Pharisee, dost thou see here how contrary thou art to righteous men?

Now then, where shall we find out one to parallel thee, but by finding him out that is called “the dragon;” for he it is that accuseth the poor sinners before God? Zech. iii.; Rev. xii.

“I am not as this Publican.” Modesty should have commanded thee to have bit thy tongue as to this. What could the angels think, but that revenge was now in thine heart, and but that thou comest up into the temple rather to boast of thyself and accuse thy neighbour, than to pray to the God of heaven; for what petition is there in all thy prayer, that gives the least intimation that thou hast the knowledge of God or thyself? Nay, what petition of any kind is there in thy vain-glorious oration from first to last? Only an accusation drawn up, and that against one helpless and forlorn; against a poor man, because he is a sinner; drawn up, I say, against him by thee, who canst not make proof of thyself that thou art righteous; but come to proofs of righteousness, and thou art wanting also. What, though thy raiment is better than his, thy skin may be full as black; yea, what if thy skin be whiter than his, thy heart may be yet far blacker.

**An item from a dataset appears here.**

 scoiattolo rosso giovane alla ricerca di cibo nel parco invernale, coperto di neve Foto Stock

Yea, it is so, for the truth hath spoken it; for within, you are full of excess and all uncleanness; Matt. xxiii.

Pharisee, these are transgressions against the second table, and the Publican shall be guilty of them; but there are sins also against the first table, and thou thyself art guilty of them.

The Publican, in that he was an extortioner, unjust and an adulterer, made it thereby manifest that he did not love his neighbour; and thou by making a god, a saviour, a deliverer, of thy filthy righteousness, dost make it appear, that thou dost not love thy God; for as he that taketh, or that derogateth from his neighbour in that which is his neighbour’s due, sinneth against his neighbour; so he that taketh or derogateth from God, sinneth against God.

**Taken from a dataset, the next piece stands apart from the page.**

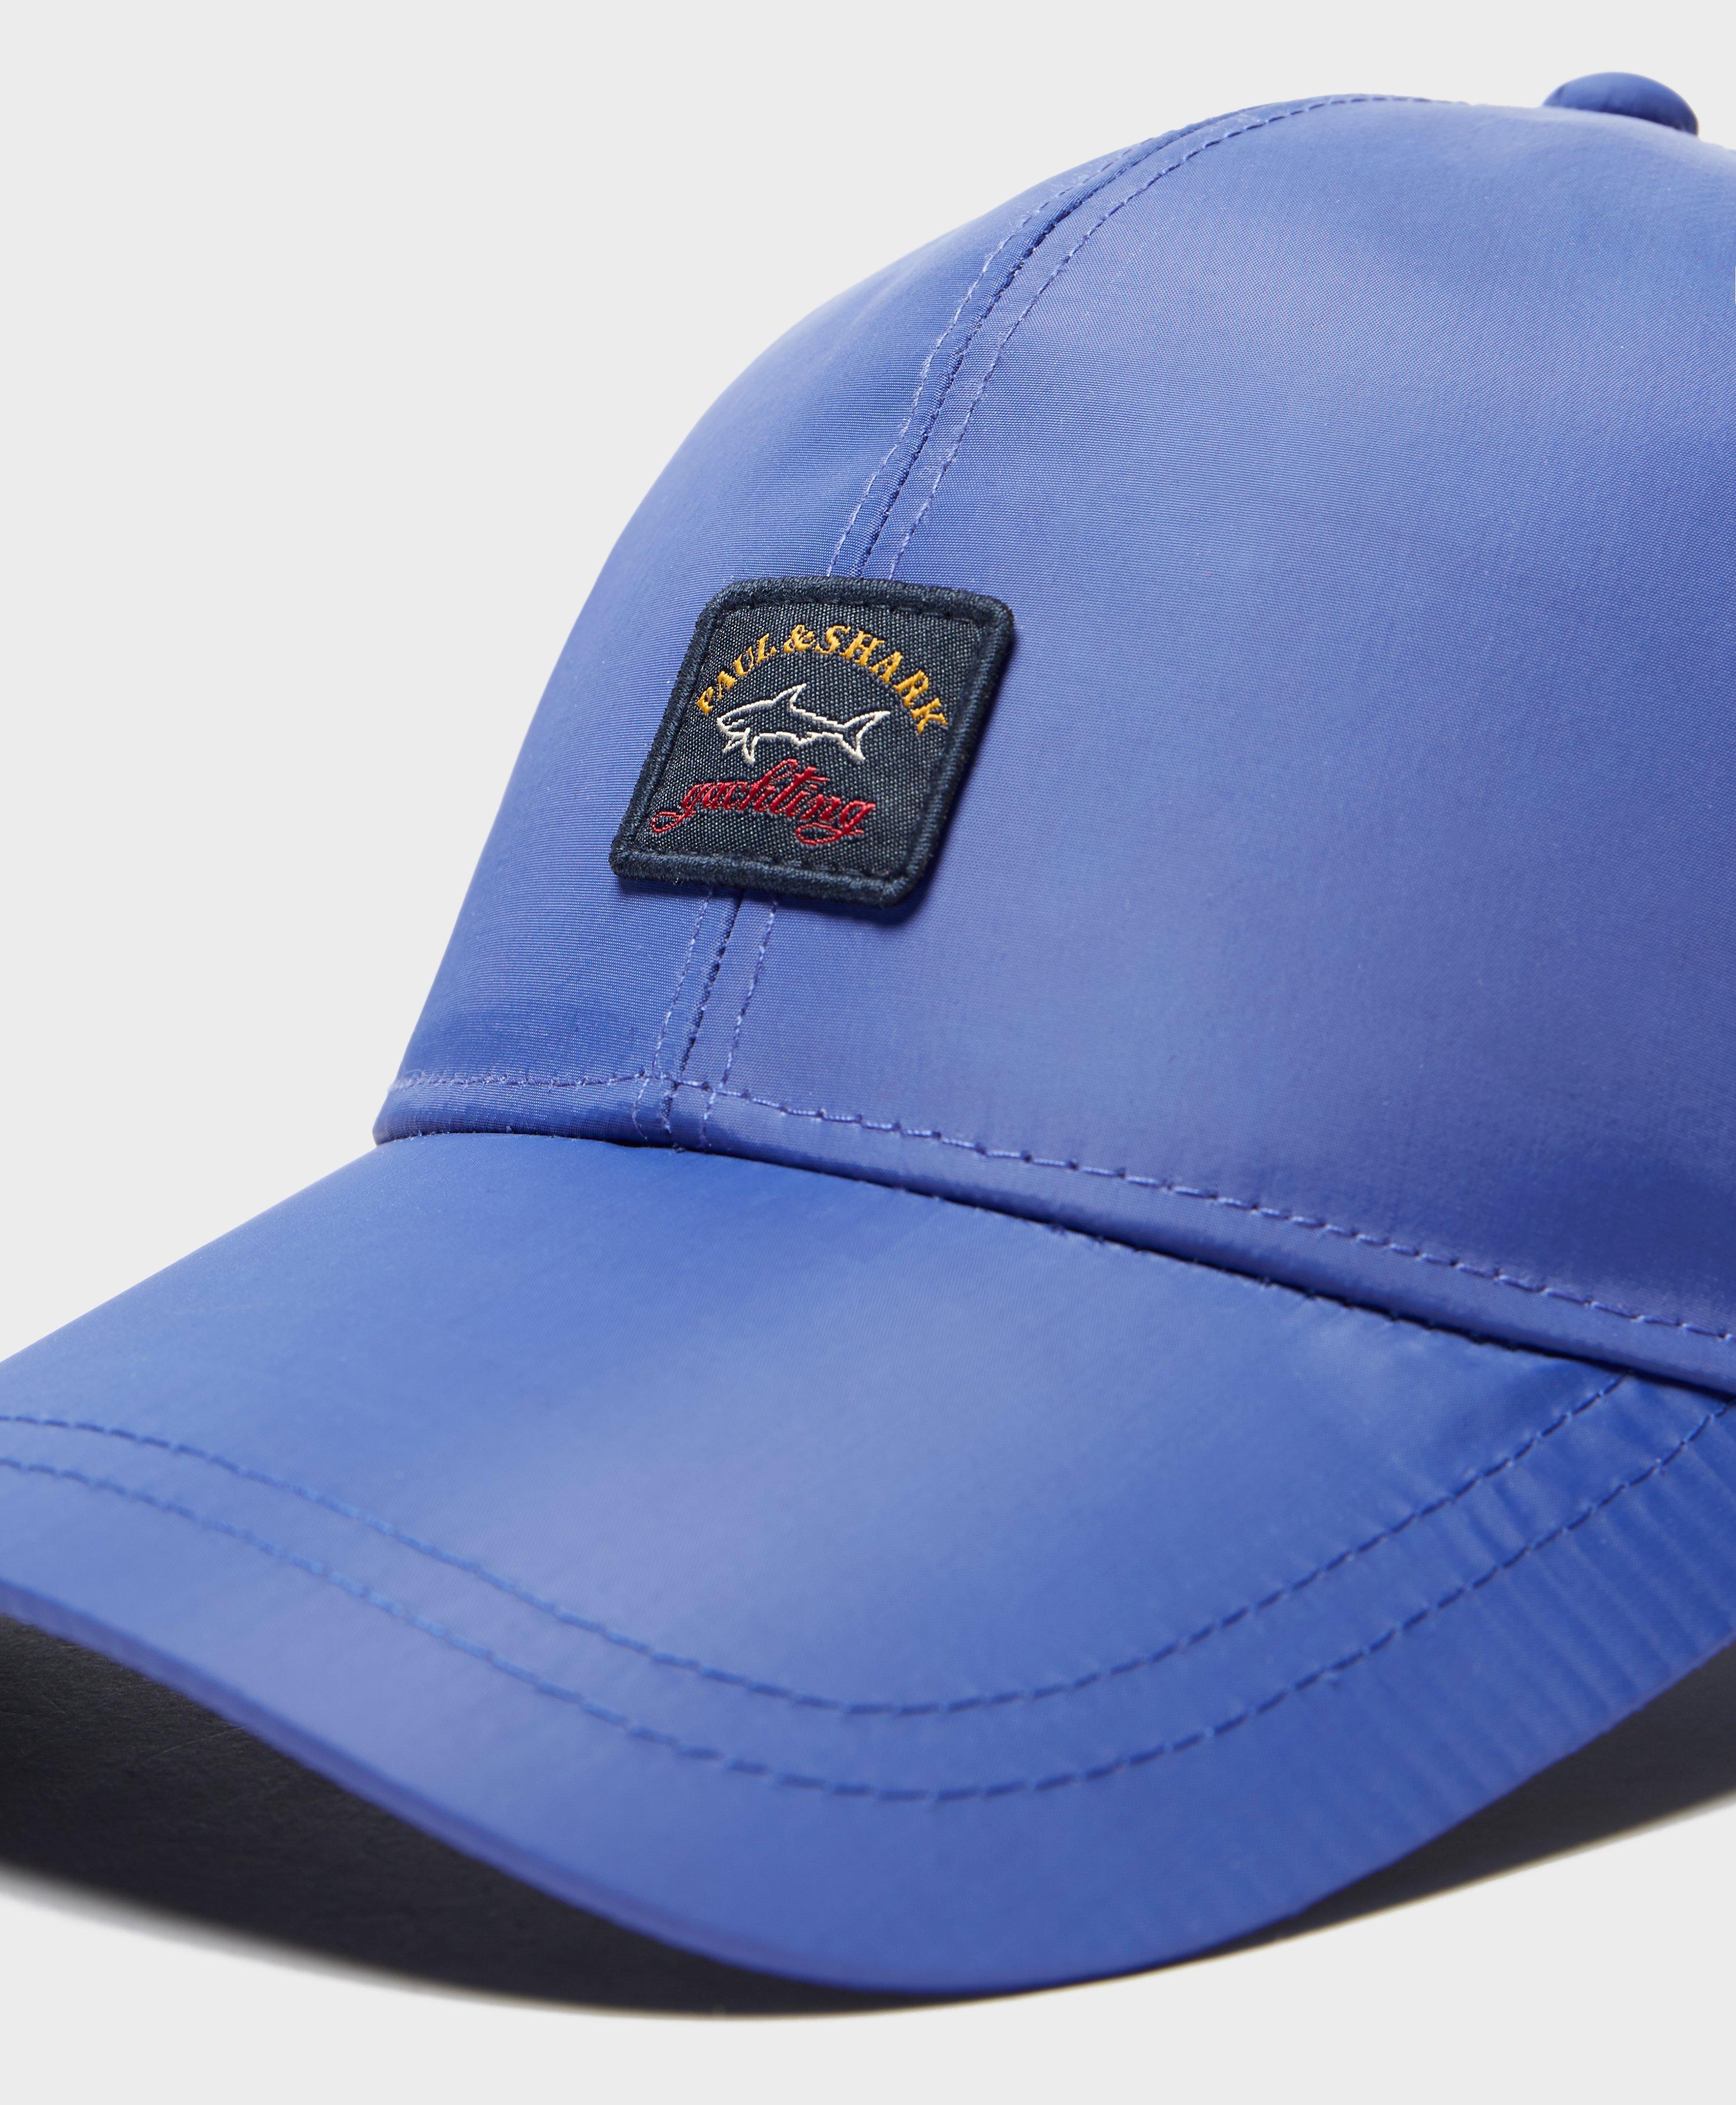 Paul & Shark Synthetic Nylon Logo Cap in Blue for Men - Lyst

Now, then, though thou hast not, as thou dost imagine, played at that low game as to derogate from thy neighbour; yet thou hast played at that high game as to derogate from thy God; for thou hast robbed God of the glory of salvation; yea, declared, that as to that there is no trust to be put in him. “Lo, this is the man that made not God his strength; but trusted in the abundance of his riches, and strengthened himself in his wickedness;” Psalm lii. 7.

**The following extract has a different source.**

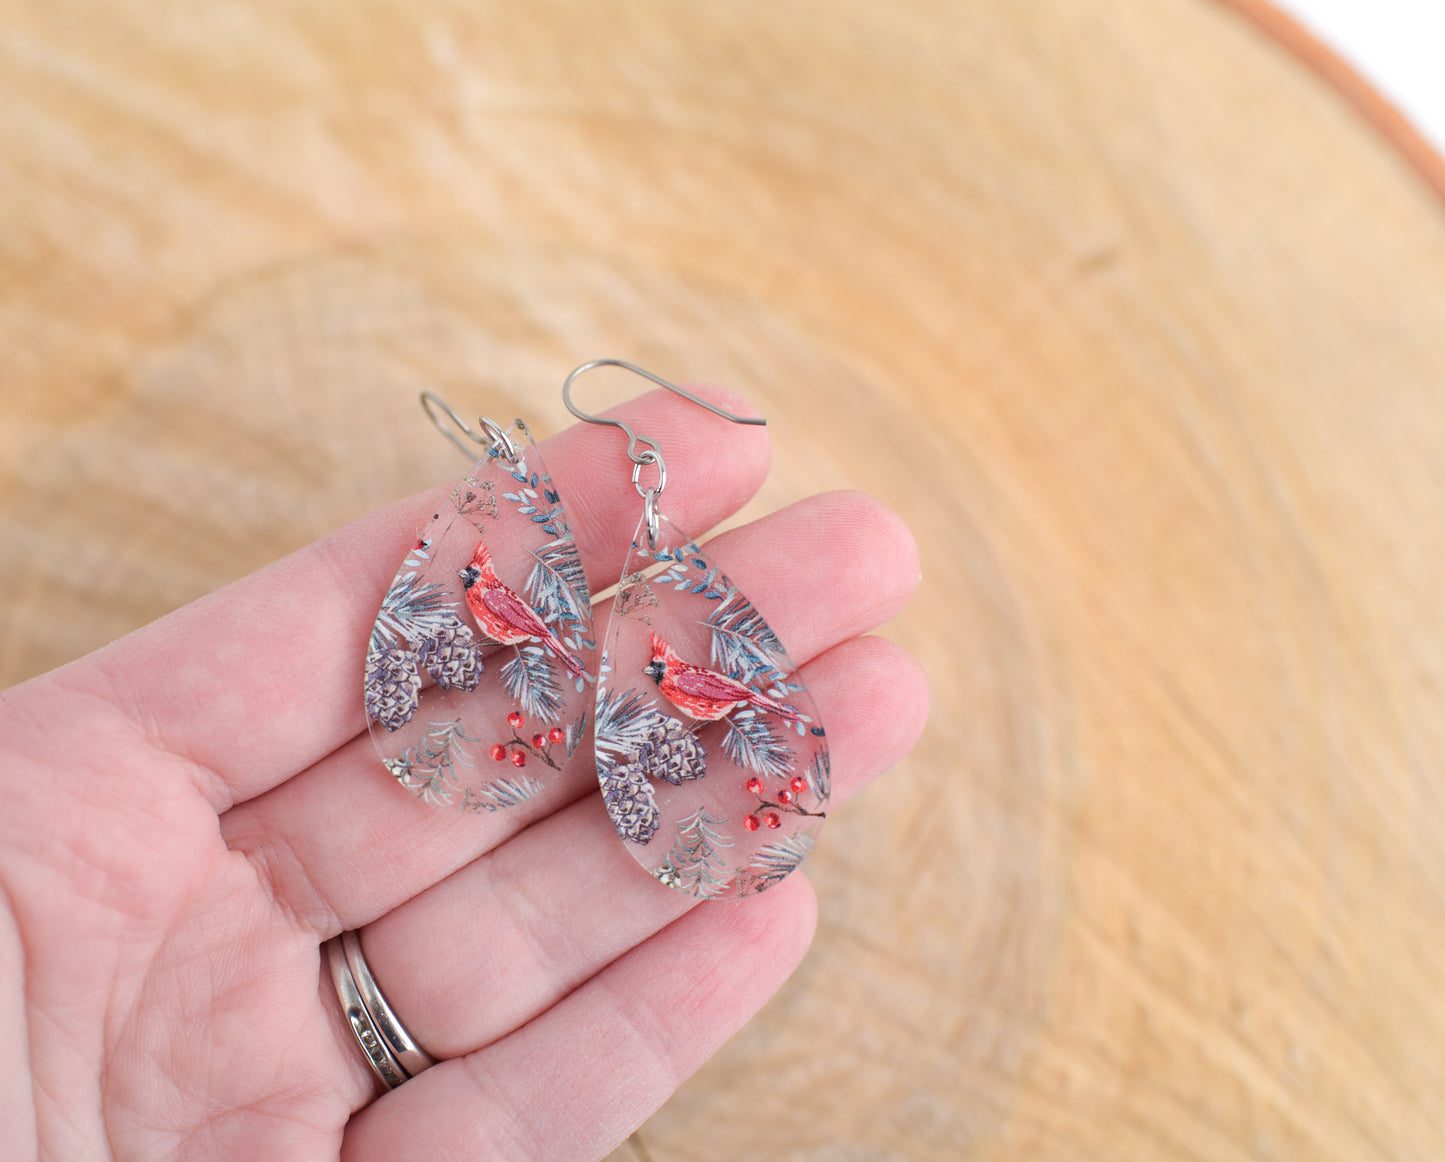 Cardinal Acrylic Teardrop Dangle Earrings with Titanium Ear Wires- CLEAR

What else means this great bundle of thy own righteousness, which thou hast brought with thee into the temple? yea, what means else thy commending of thyself because of that, and so thy implicit prayer, that thou for that mightst find acceptance with God?

All this, what does it argue, I say, but thy diffidence of God? and that thou countest salvation safer in thine own righteousness than in the righteousness of God? and that thy own love to, and care of thy own soul, is far greater, and so much better, than is the care and love of God? And is this to keep the first table; yea, the first branch of that table, which saith, “Thou shalt love the Lord thy God?” for thy thus doing cannot stand with love to God?

How can that man say, I love God, who from his very heart shrinketh to trust in him?